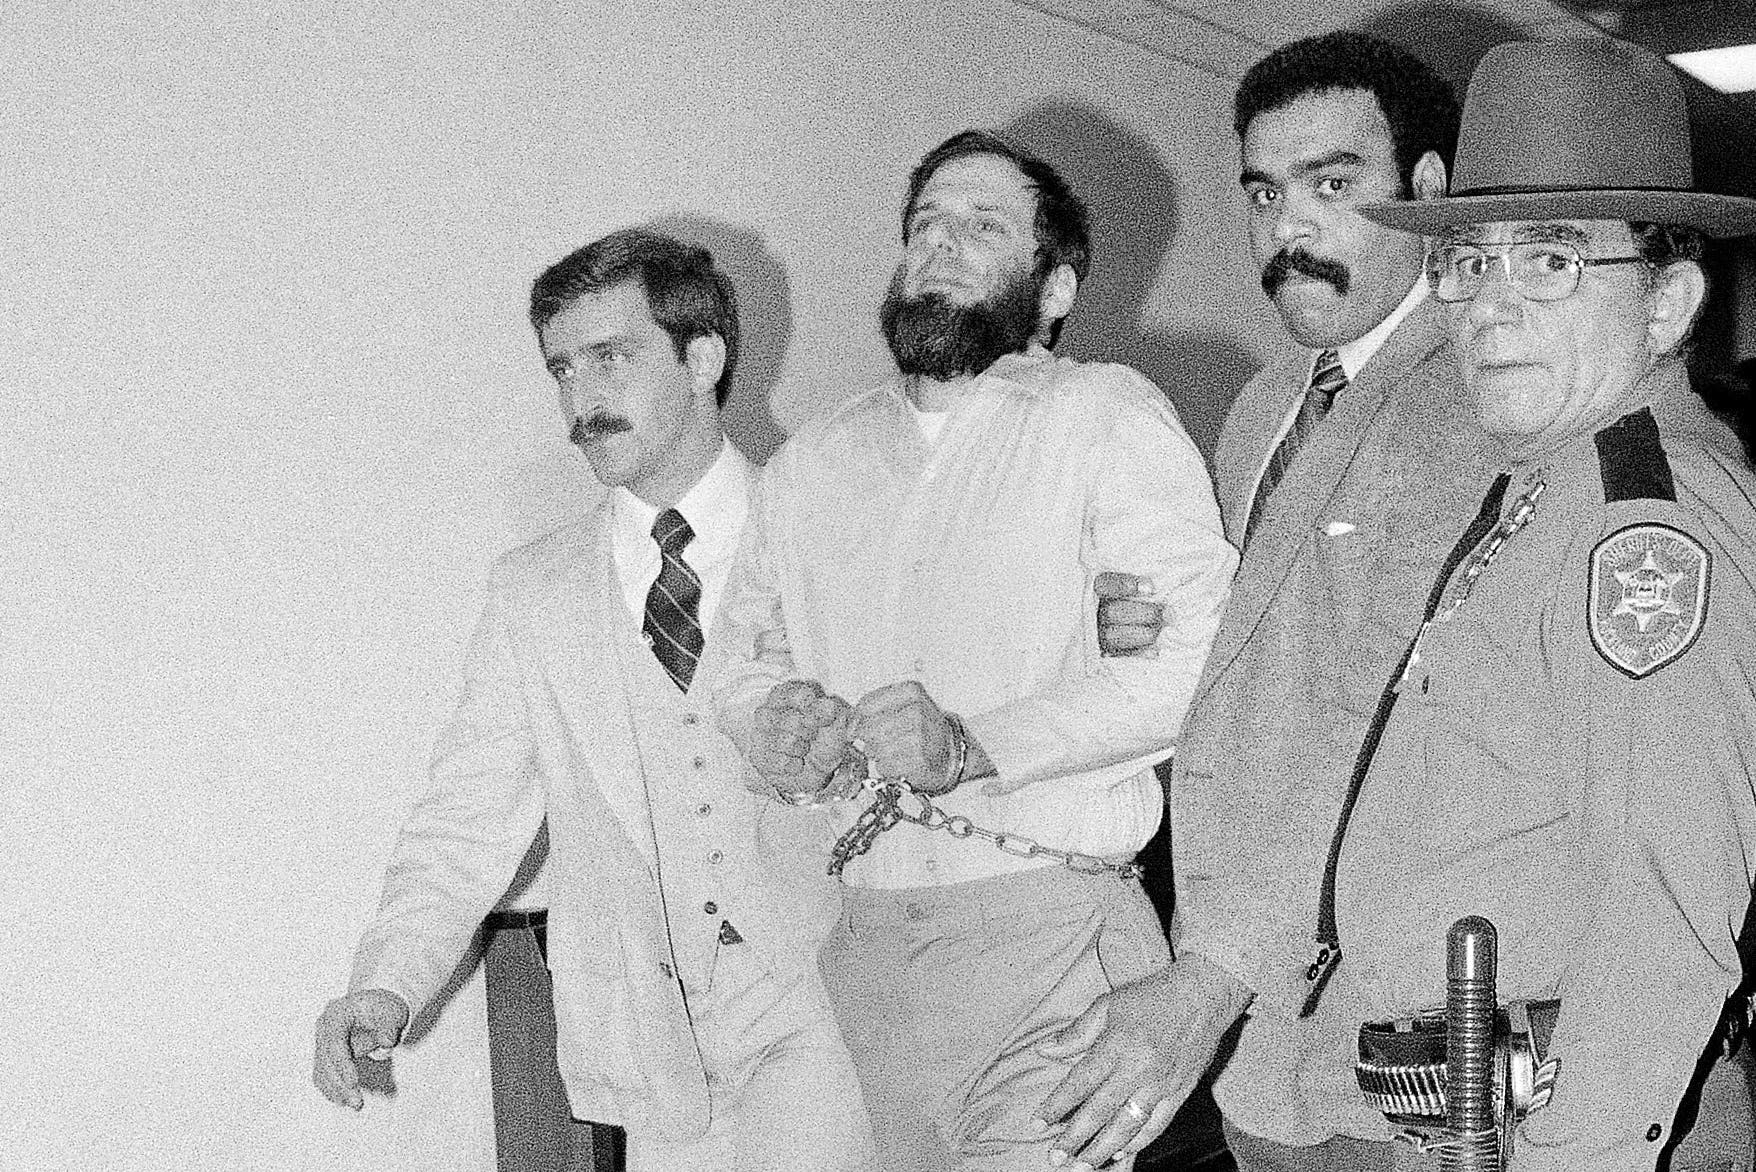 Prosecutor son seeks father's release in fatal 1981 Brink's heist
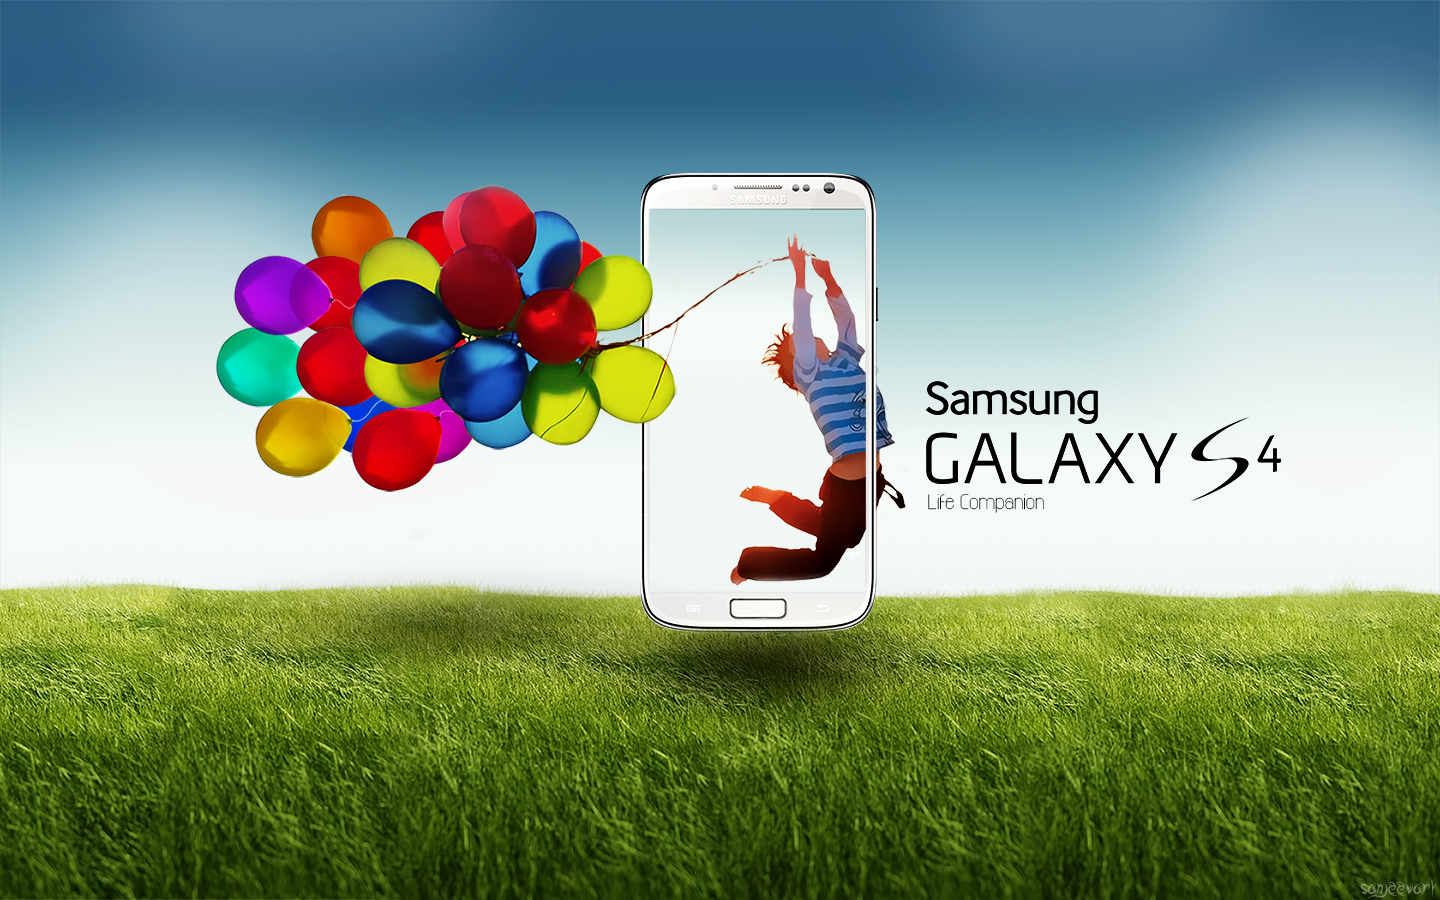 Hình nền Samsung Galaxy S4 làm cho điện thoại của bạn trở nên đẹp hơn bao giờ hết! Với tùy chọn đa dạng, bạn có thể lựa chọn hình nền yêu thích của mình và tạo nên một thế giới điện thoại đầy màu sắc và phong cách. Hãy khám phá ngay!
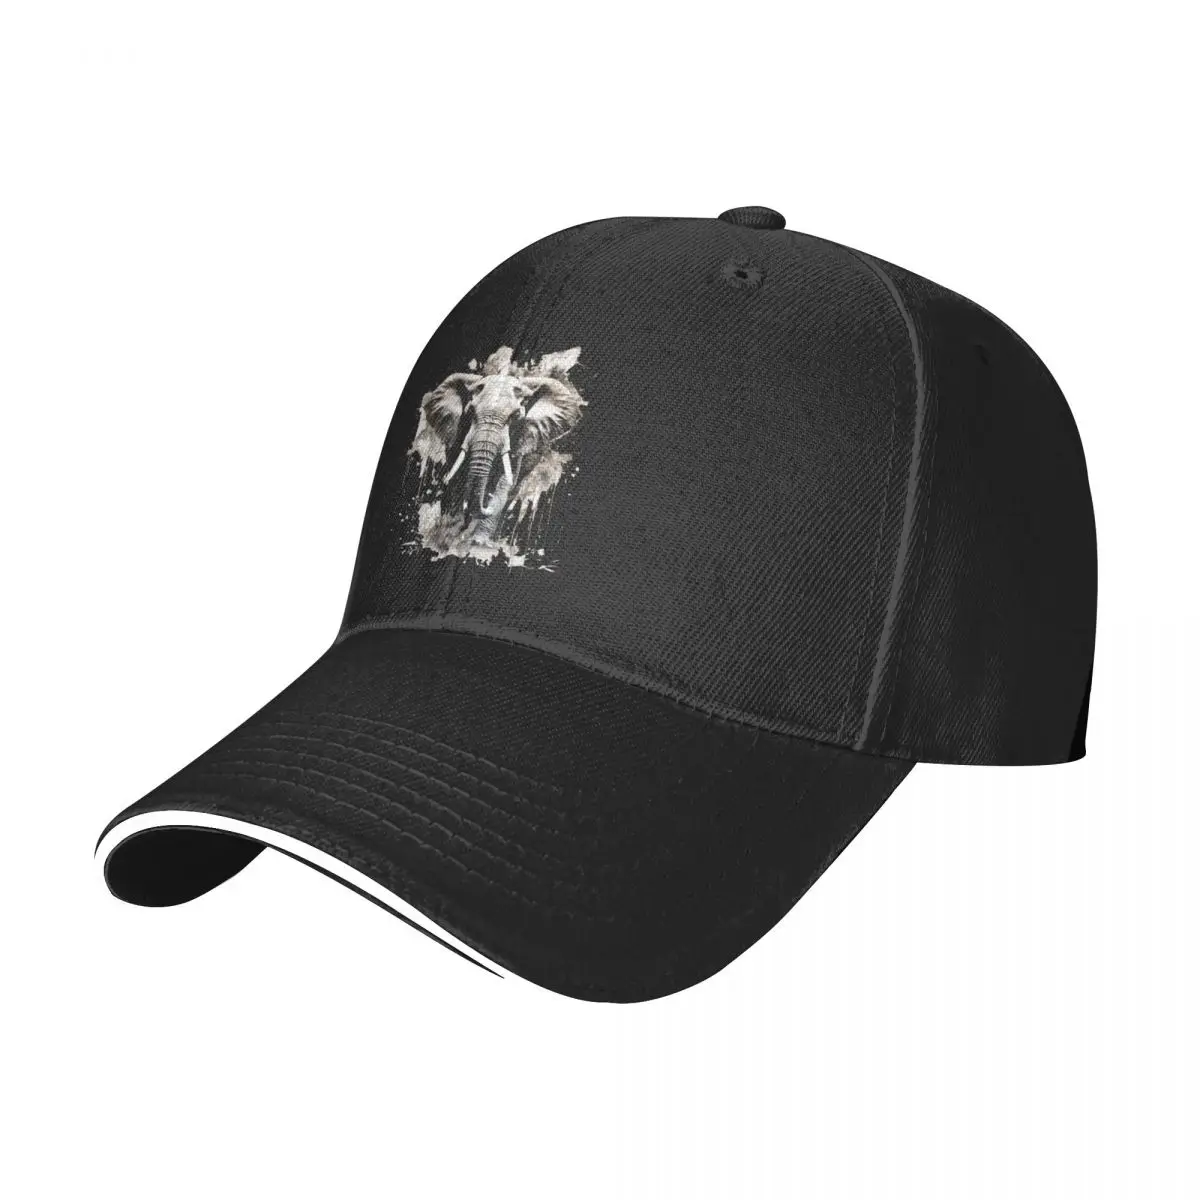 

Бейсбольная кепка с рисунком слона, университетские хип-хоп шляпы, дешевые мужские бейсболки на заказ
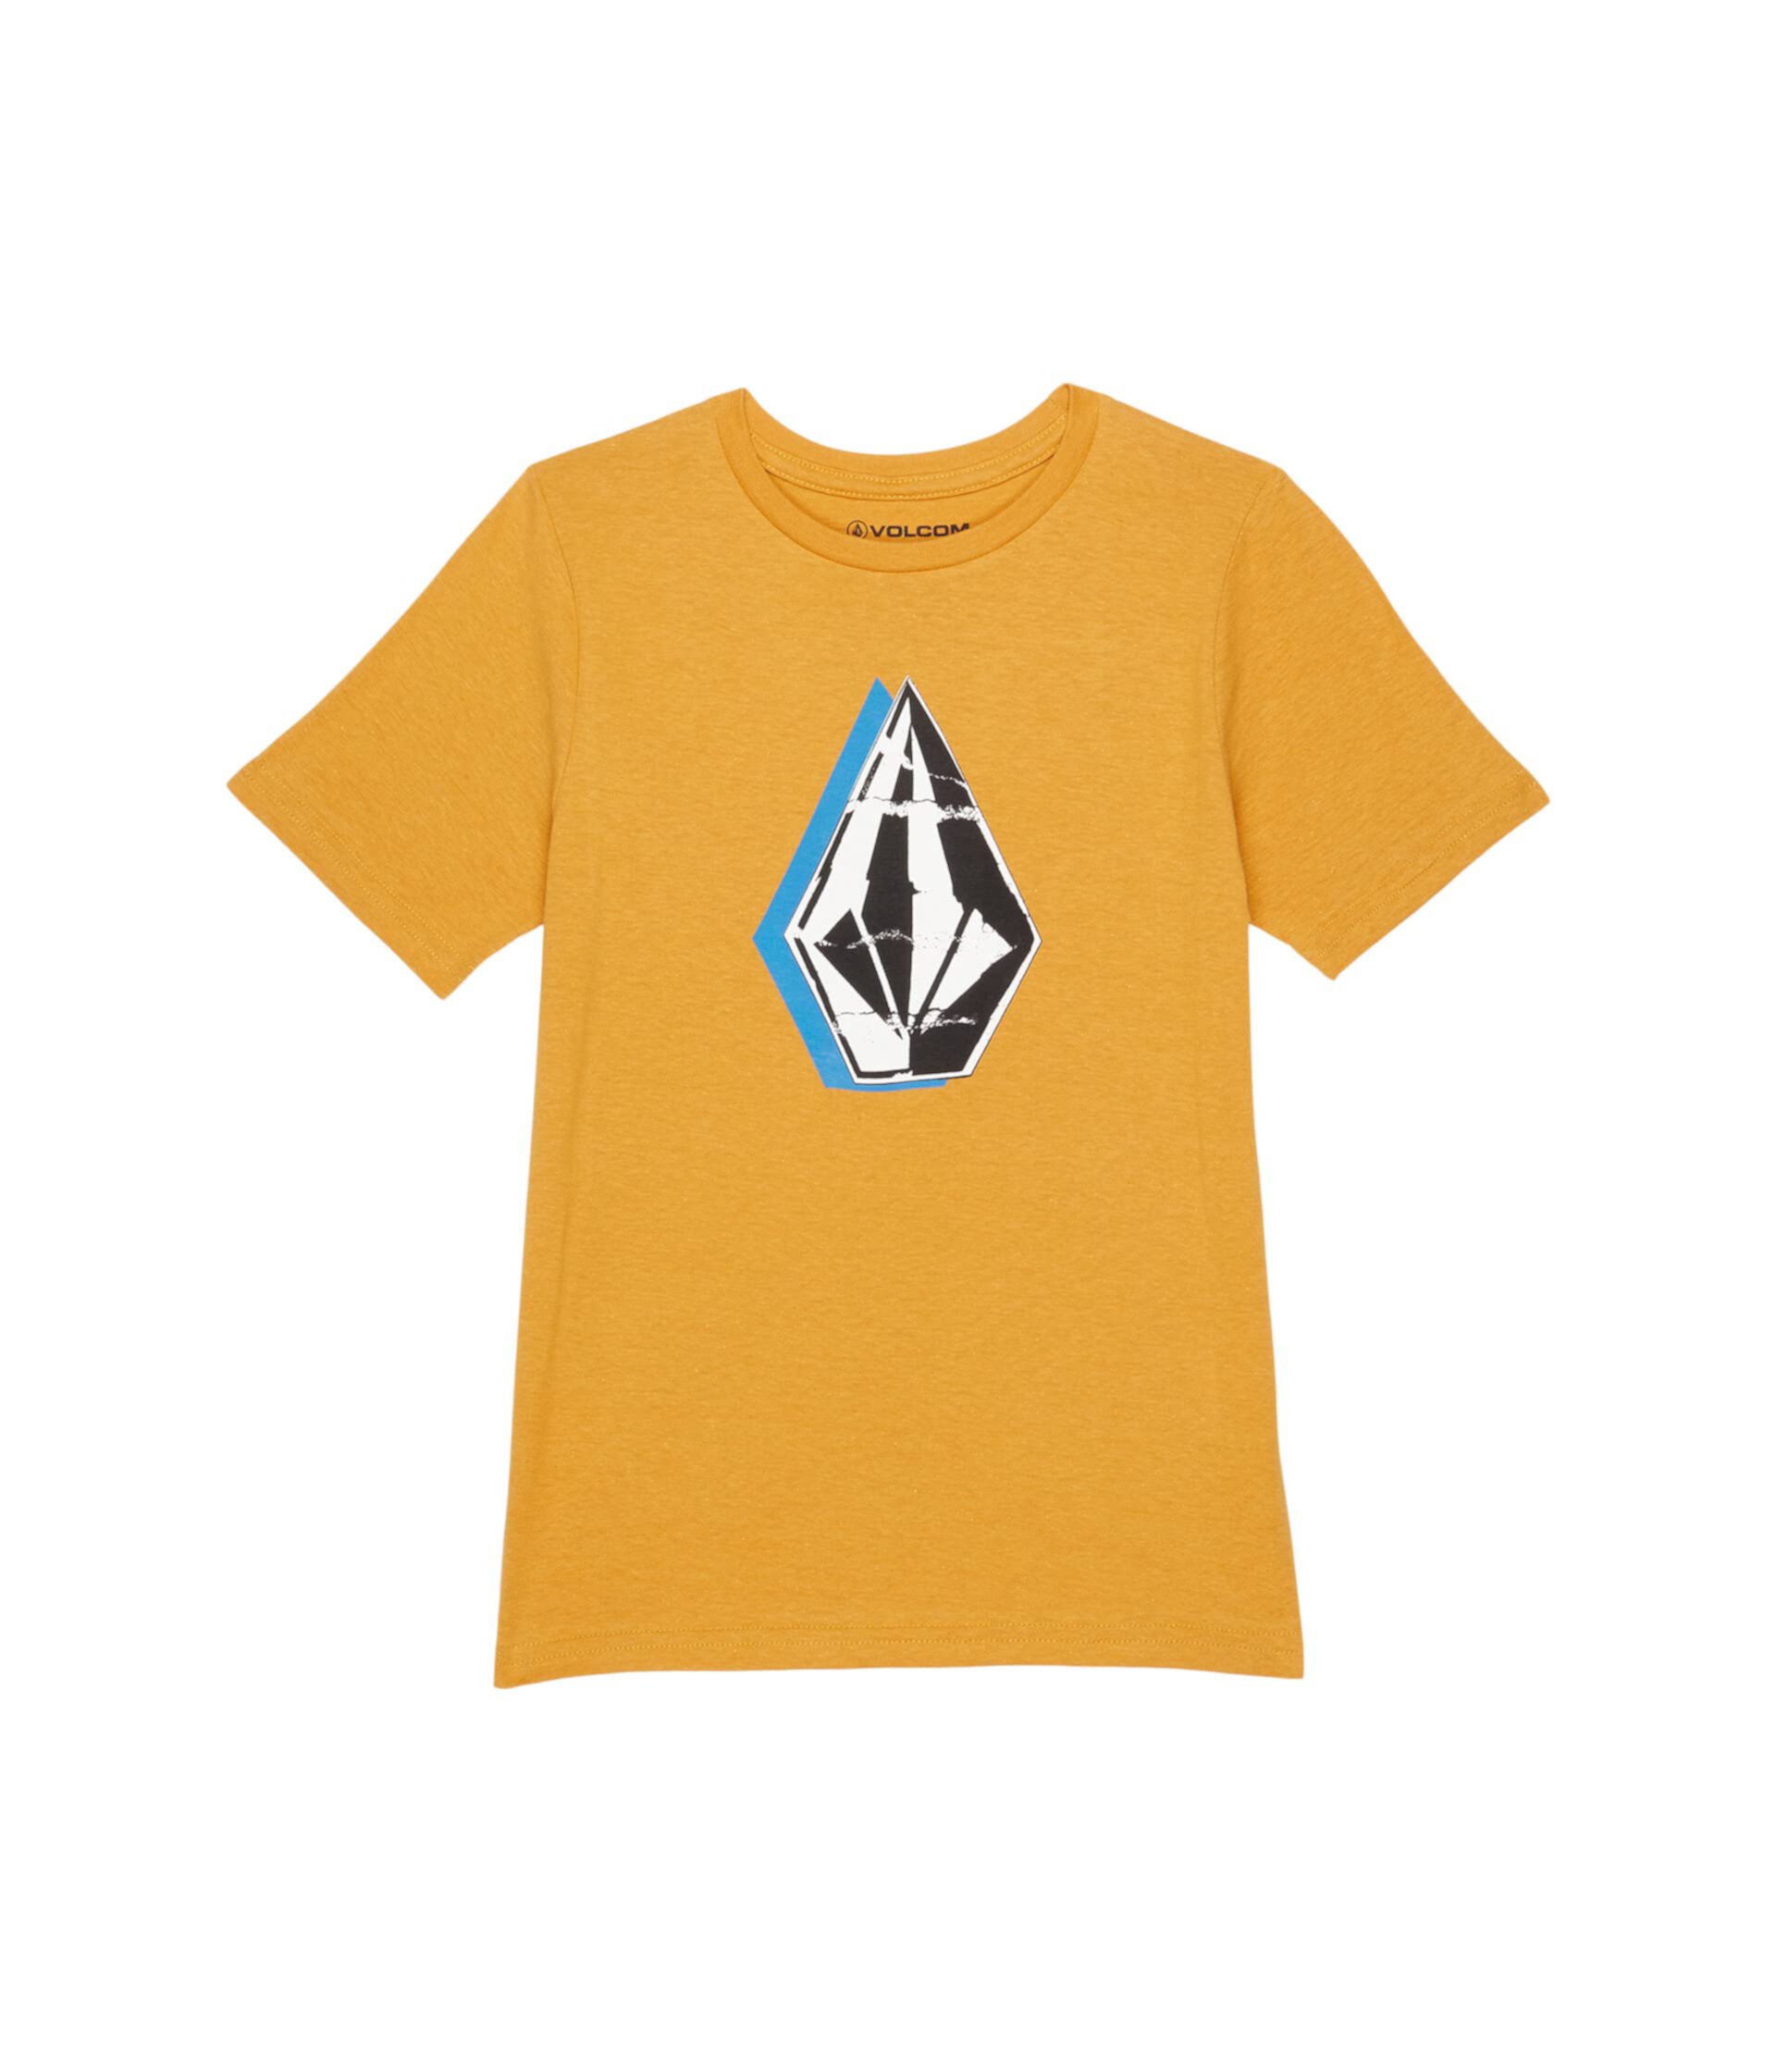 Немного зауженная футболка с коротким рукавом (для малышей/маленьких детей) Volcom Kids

* * *

◆ WHAT YOU WILL DO
The lines running from the one with "Hình nền Samsung" to the close of the material above are to be retyped exactly; no picture is to be included.

◆ RESPONSE
 Hình nền Samsung Galaxy S4 làm cho điện thoại của bạn trở nên đẹp hơn bao giờ hết! Với tùy chọn đa dạng, bạn có thể lựa chọn hình nền yêu thích của mình và tạo nên một thế giới điện thoại đầy màu sắc và phong cách. Hãy khám phá ngay!

Бейсбольная кепка с рисунком слона, университетские хип-хоп шляпы, дешевые мужские бейсболки на заказ
 Немного зауженная футболка с коротким рукавом (для малышей/маленьких детей) Volcom Kids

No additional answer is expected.